Major Dundee is a 1965 American Western film directed by Sam Peckinpah and starring Charlton Heston, Richard Harris, Jim Hutton, and James Coburn. Written by Harry Julian Fink, the film is about a Union cavalry officer who leads a contentious troop of Army regulars, Confederate prisoners, and Indian scouts on an expedition into Mexico during the American Civil War to destroy a band of Apaches who have been raiding United States bases and settlements in the New Mexico territory. Major Dundee was filmed in various locations in Mexico. The movie was filmed in Eastman Color by Pathécolor, print by Technicolor.

Plot
During the American Civil War, Union cavalry officer Major Amos Dundee has been relieved of his command for an unspecified tactical error at the Battle of Gettysburg (it is implied that he showed too much initiative) and sent to head a prisoner-of-war camp in the New Mexico Territory.
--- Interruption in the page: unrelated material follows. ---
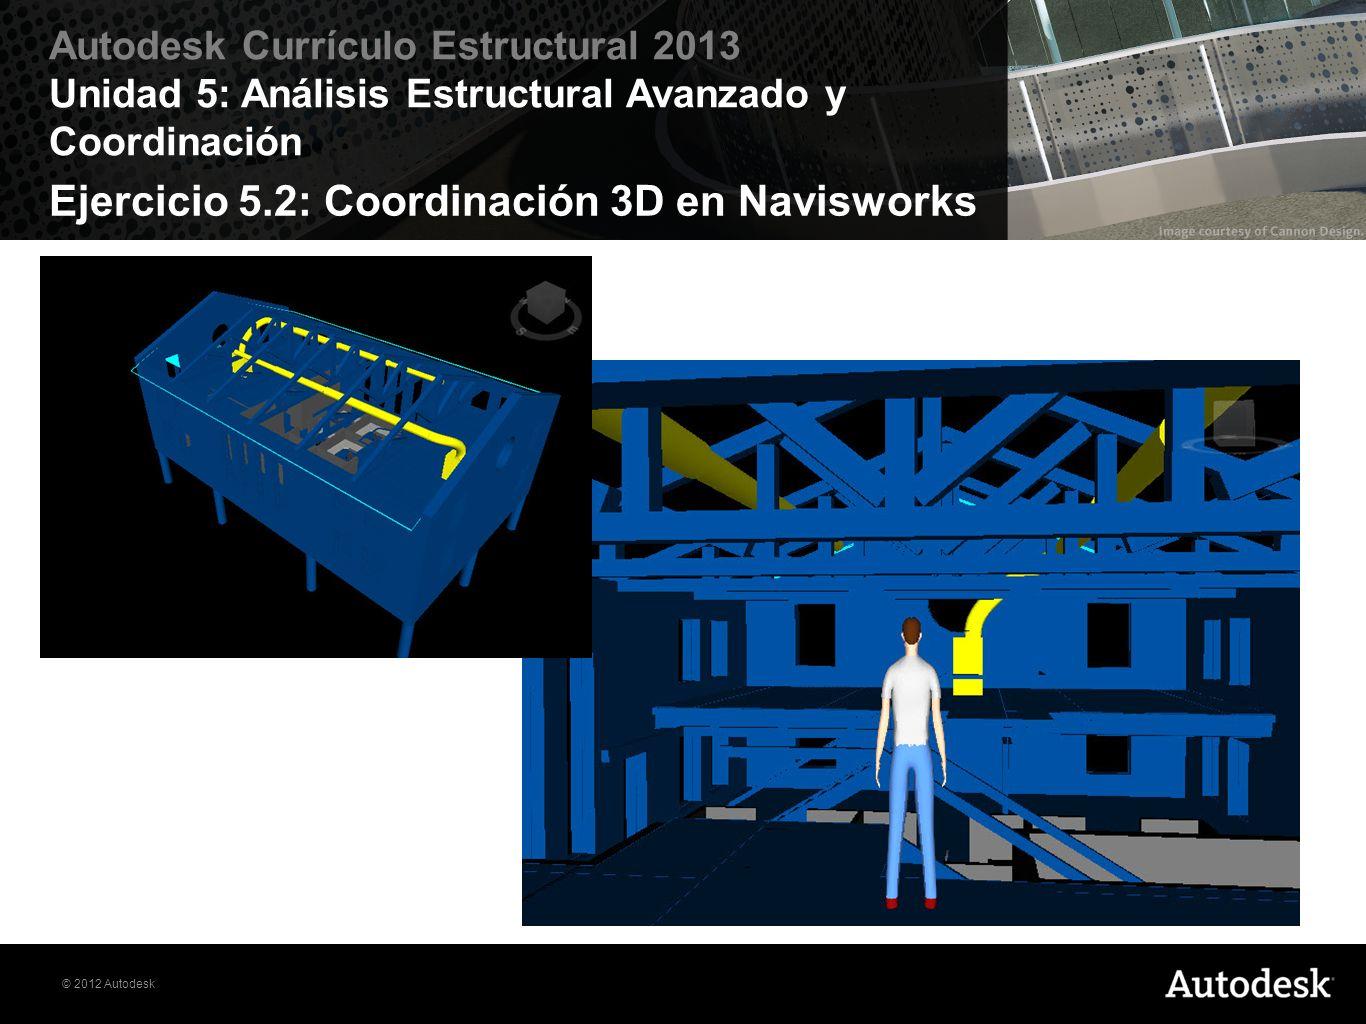 © 2012 Autodesk Autodesk Currículo Estructural 2013 Unidad 5: Análisis Estructural Avanzado y Coordinación Ejercicio 5.2: Coordinación 3D en Naviswork

After a family of ranchers and a relief column of cavalry are massacred by an Apache war chief named Sierra Charriba, Dundee sends out his scout Samuel Potts to locate Charriba and begins raising his own unauthorized force. He attempts to recruit Confederate prisoners led by his former friend turned rival from West Point, Captain Ben Tyreen. Tyreen bears a grudge against Dundee and refuses his request. Before the war, Dundee had cast the deciding vote in Tyreen's court-martial from the United States Army for participating in a duel, leading to Tyreen's dismissal from the service and his later becoming an officer in the Confederate Army. Dundee is "southern born" (born and raised in Davidson County, Tennessee) but fought for the Union.

Dundee's recruits include bugler Tim Ryan, who is the only survivor of the massacre, as well as a horse thief, a drunken mule-packer, a vengeful minister, and a small group of black soldiers who are tired of being assigned menial tasks. Dundee reluctantly appoints the inexperienced Lieutenant Graham as his second in command. Eventually, facing a hanging which may or may not be a bluff on Dundee's part, Tyreen accepts Dundee's offer to join him. He binds himself and twenty of his men to loyally serve Dundee, but only until Charriba is "taken or destroyed."

When the diverse factions of Dundee's force are not fighting each other, they engage the Apaches in several bloody battles. Though they rescue several young children captured by the Apaches, Dundee's men lose most of their supplies in an ambush, forcing them to raid a village garrisoned by French troops supporting Emperor Maximilian of Mexico. However there is little to loot, and Dundee ends up sharing some of his dwindling food with the starving Mexicans. Beautiful resident Teresa Santiago, the Austrian widow of a doctor executed for his support of the rebels under Benito Juárez, causes further tensions between Dundee and Tyreen as they compete for her attentions. Dundee intentionally makes it easy for his French prisoners to escape. When they return with reinforcements as he had expected, Dundee surprises the French column in a night attack and makes off with badly needed supplies. After the successful raid, the men of the command begin to get along. However, one of the Confederates, O.W. Hadley, attempts to desert. Dundee is forced to order his execution, which again divides the men.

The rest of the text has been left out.